# Einfache Brandungsmontage



## fischmonger (21. August 2018)

Ich habe keine Erfahrung im Brandungsangeln und würde es dieses Jahr zunächst mal klassisch mit Antitangle-Röhrchen, Perle und Birnen-Bleigewicht von 150g an der Monoschnur versuchen. Geht diese klassische Grundmontage fürs Süßwasser auch in der Brandung? Gibt es Alternativen, die ähnlich einfach sind?


----------



## Michael.S (21. August 2018)

*AW: Einfache Brandungsmontage*

Klar gehrt das auch ganz einfach, ich habe früher ein simples Sargblei benutzt,davor ein ca. 30 cm Vorfach, fertig,heute nehme ich Montagen mit Weitwurfclip,da hält der Köder besser, ich würde in der Brandung kein Birnenblei nehmen es sei denn du willst das es rollt, ein Sargblei oder Sechskantblei ist da effektiver das bleibt liegen, 150 gramm brauchst du auch nicht zwingend, ich komme hier in der Unterelbe mit 100 - 120 gramm aus


----------



## Maxthecat (22. August 2018)

*AW: Einfache Brandungsmontage*

Moin !
Du kannst Festbleimontage aber auch mit Rollblei in der Brandung angeln . Machst eine fest und die andere Montage wo das Blei mit Köder über den Grund rollt ,damit suchst du den Fisch quasi ,eine größe Strecke ab nach Fischen ( Schollen, Butt Klieschen ! ) Die reagieren besser auf bewegten Köder .

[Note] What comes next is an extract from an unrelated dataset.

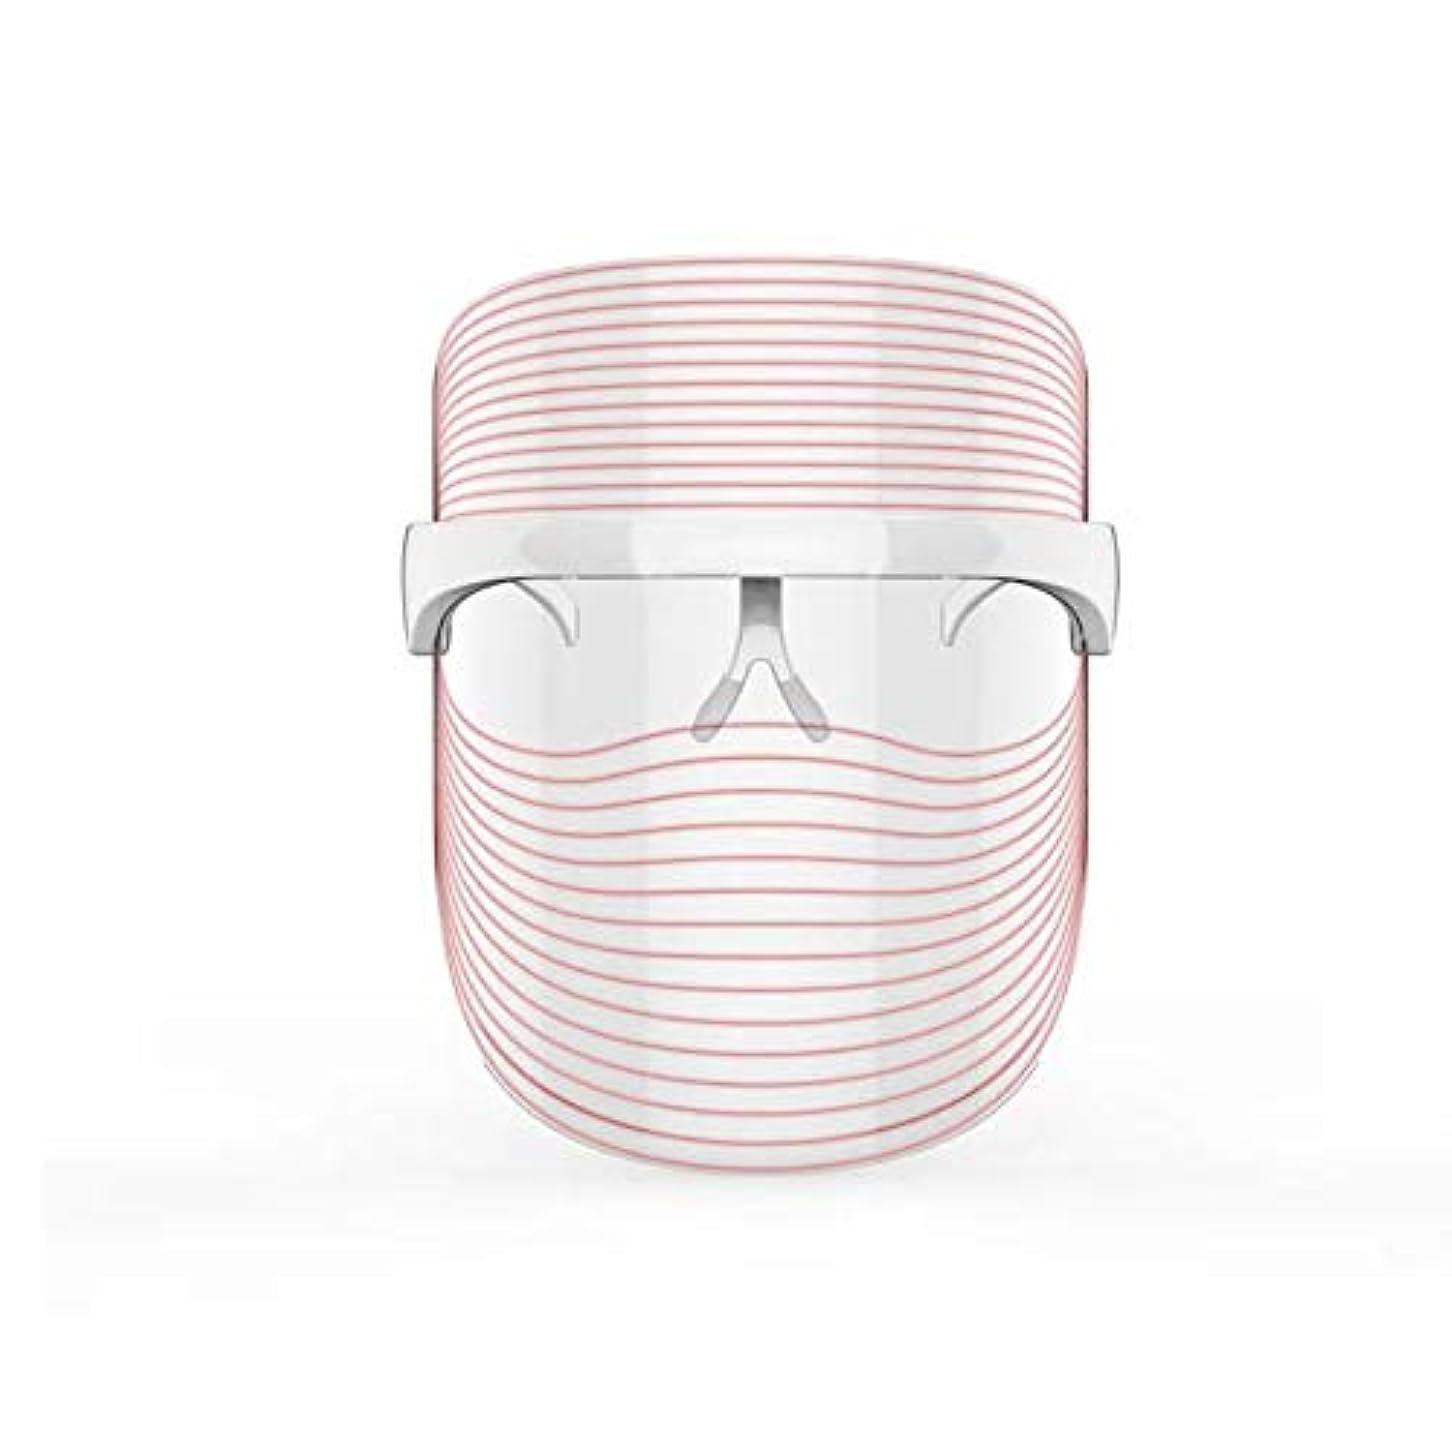 編集者溶岩形容詞3色LEDマスクフェイス&ネックネオン白熱LEDフェイスマスク電動フェイシャルスキンケアフェイススキンビューティー

Antitangle brauchst nicht dazu ,einfach Birnenblei in dem Wirbel am Ende des Vorfachs und dazwischen mit einem Wirbel die Mundschnur mit Köder #6 . Für Festblei solltes am besten ein Krallenblei oder solche Blei mit Noppen verwenden .

So probierst du aus was am Besten läuft mit den Fängen , feste oder rollende Montage . Bilder - Videos dazu findest auf Youtube zu den Montagen genung zum selber binden der Vorfächer . Oder hier findest Anleitungen dazu :

https://www.planetseafishing.com/wp-content/uploads/downloads/psf-book-of-rigs.pdf


----------



## fischmonger (22. August 2018)

*AW: Einfache Brandungsmontage*

Danke Leute!


----------



## Lionfish (11. Oktober 2018)

Alternativ dazu, beim Braundungsangeln auf Sand wenn der Köder an einer Stelle liegenbleiben soll, würde ich vielleicht ein mittelschweres Krallenblei nehmen und das ganze als Paternoster binden. Insbesondere bei ein paar Metern Wassertiefe und wenn man keine Plattfische und andere grundnahe Arten beangeln will sondern eher die im Freiwasser schwimmenden Fische.

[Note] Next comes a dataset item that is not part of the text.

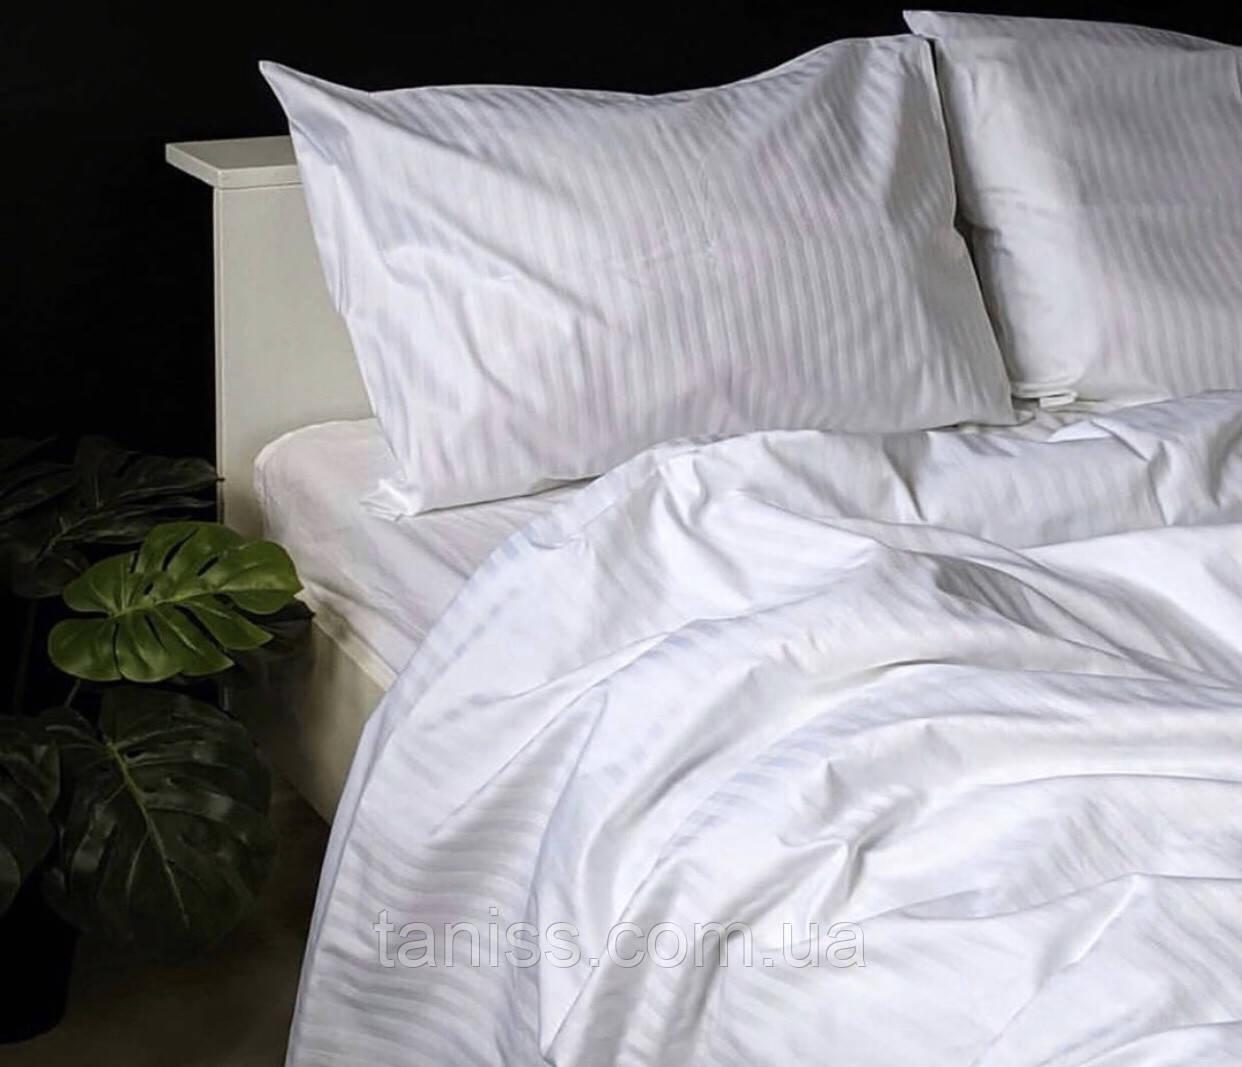 Евро набор постельного белья из страйп-сатина, 100% хлопок, цвет белый

Bei felsigem Untergrund verbieten sich aber Krallenbleie, denn die krallen sich dann in den Felsen fest und du siehst sie nie wieder...  Für solche Zwecke am besten Birnenbleie nehmen, und diese dann mit einem Karabiner direkt ans untere Ende der Hauptschnur anclippen. Oder Birnenbleie mit eingelassenem Wirbel, dann kann man sich den Karabiner sparen. Die Mundschnur dann seitlich per Paternosterknoten anbinden.Oder eben das Blei als Laufmontage. Auf sehr felsigem Untergrund würde ich aber keine Laufblei-Montage machen, denn wenn man die Mundschnur unter solchen Bedingungen driften lässt, dann erhöht sich nur die Gefahr, dass sie sich unter Wasser in den Felsen verheddert.

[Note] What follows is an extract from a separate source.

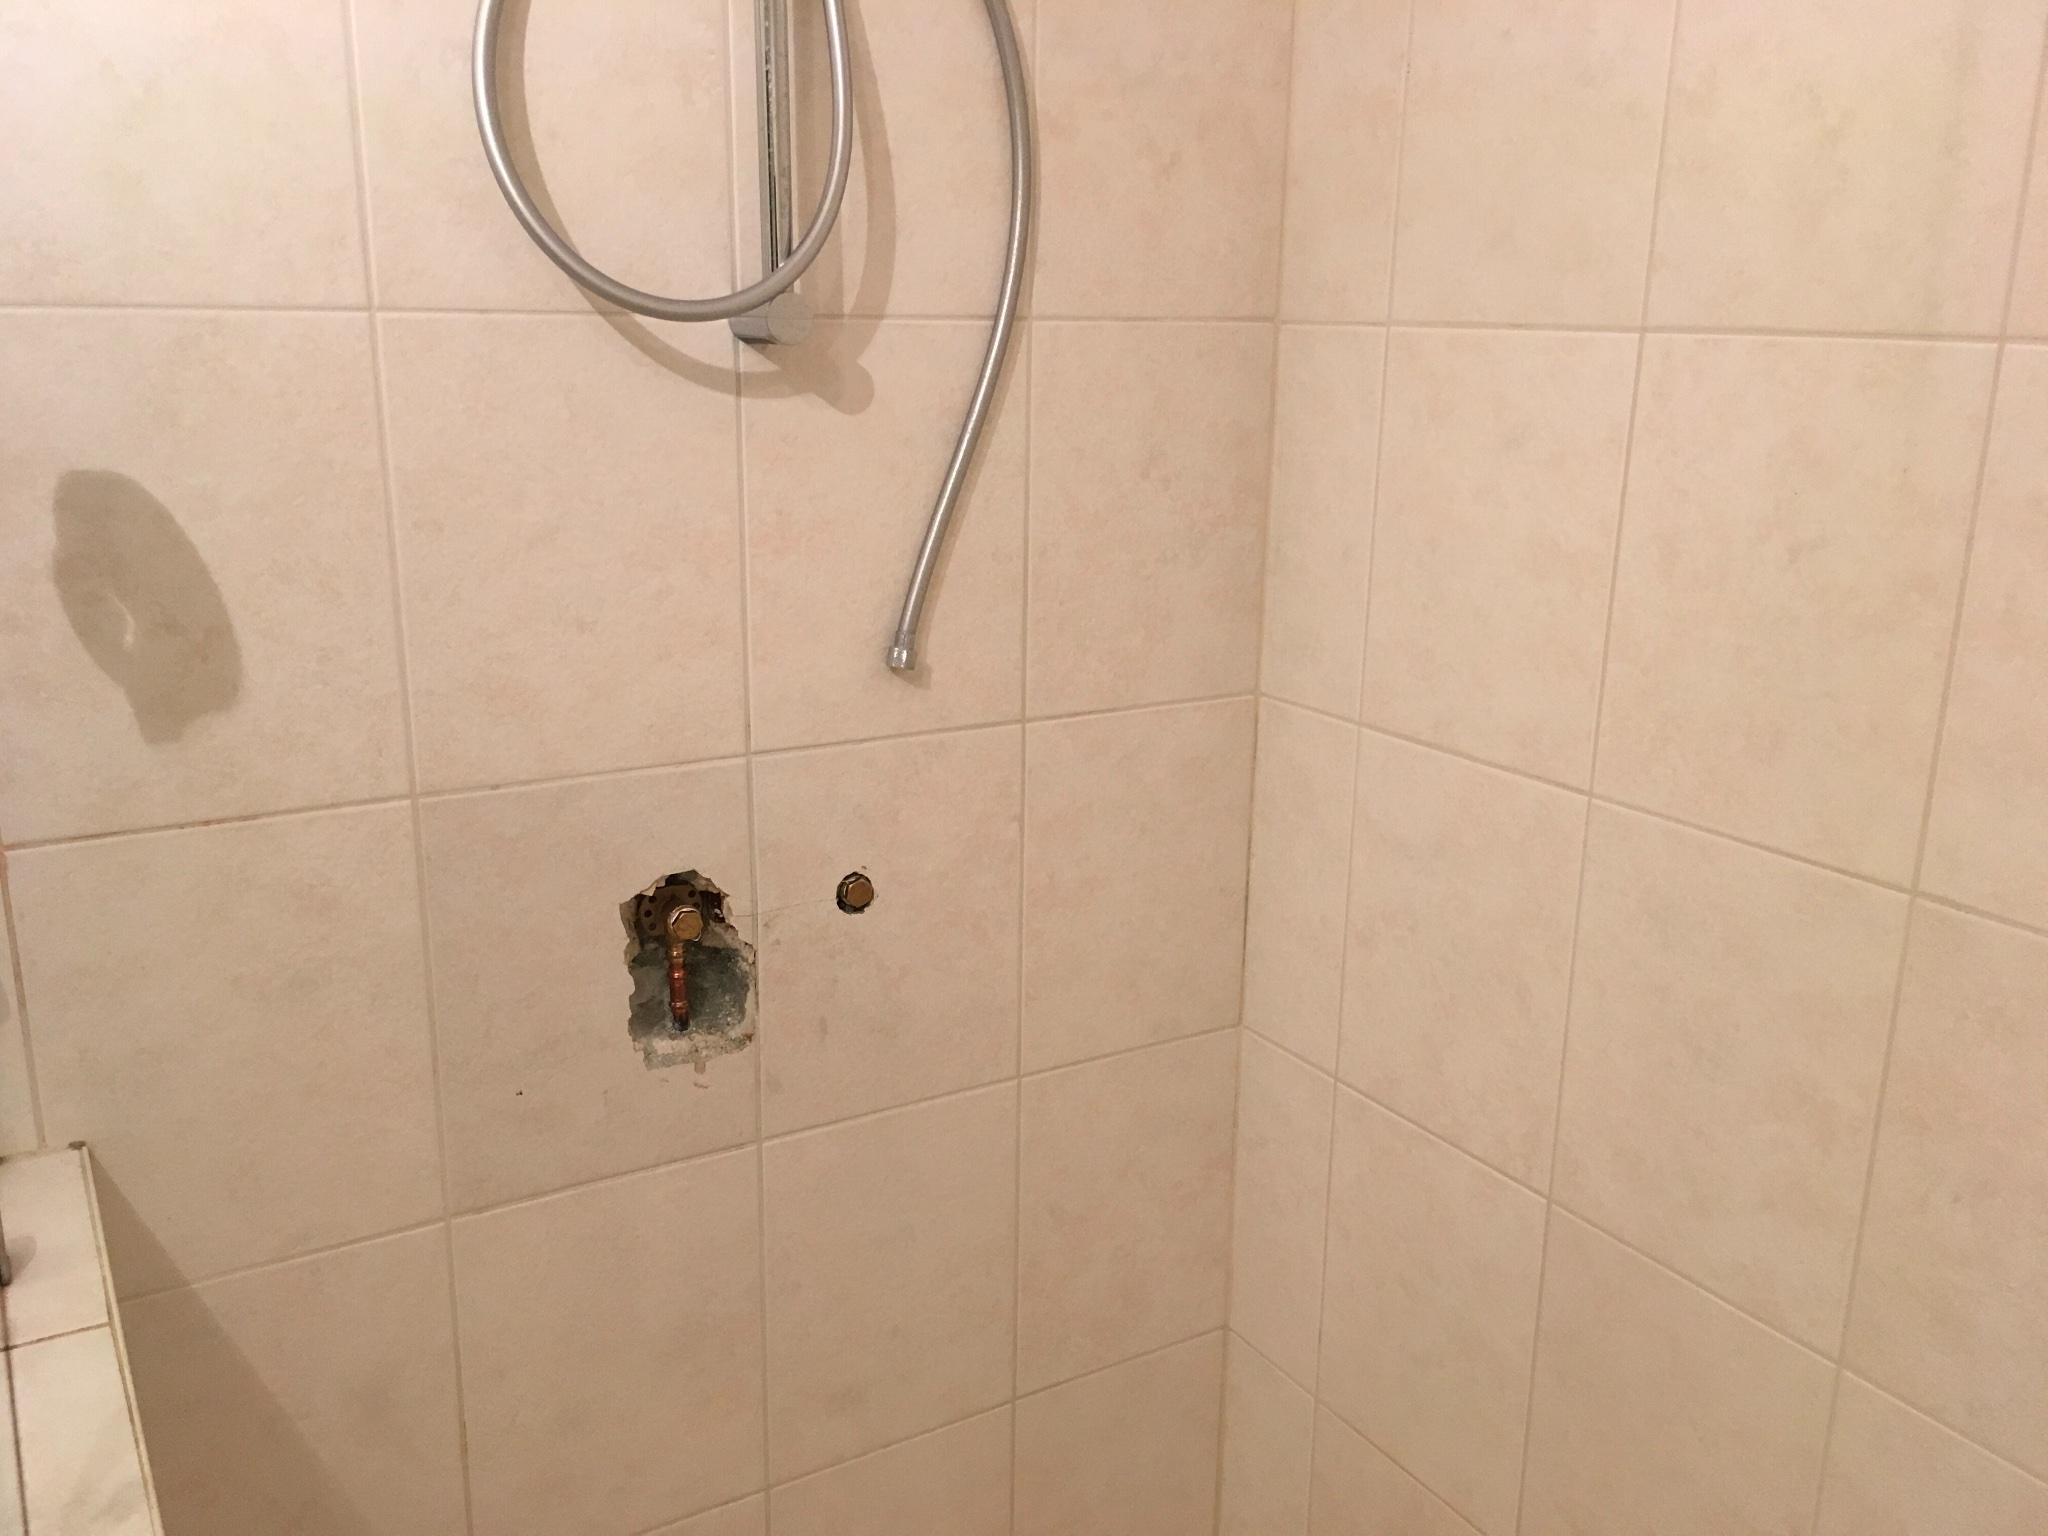 Reparatie Tegels Badkamer : Badkamer muur repareren twee tegels zetten douchekraan monteren

Ansonsten immer auf ne ausreichende Schnurstärke achten, und auf jeden Fall Monofil bevorzugen (auf Felsen sowieso das einzig wahre). Für die weiten Würfe mit viel Blei beim Brandungsangeln sollte man schon mindestens 0,35er Monofil nehmen, bei sehr scharfkantigen Felsen nicht unter 0,45. Dickere Schnüre haben zudem den Vorteil, dass sich Montagen auch bei weiteren Würfen nicht so leicht verheddern.


----------



## Gelöschtes Mitglied 201078 (12. Oktober 2018)

moins,

schau mal hier: https://onderlijnenvooropzee.nl/

wenn du bleie > 100gr wirfst, achte auf hinreichend dicke schlagschnur, ein abgerissenes blei kann uebelste verleztungen hervorrufen.

denkanstoss: http://surfcasting-blog.de/?p=2173


----------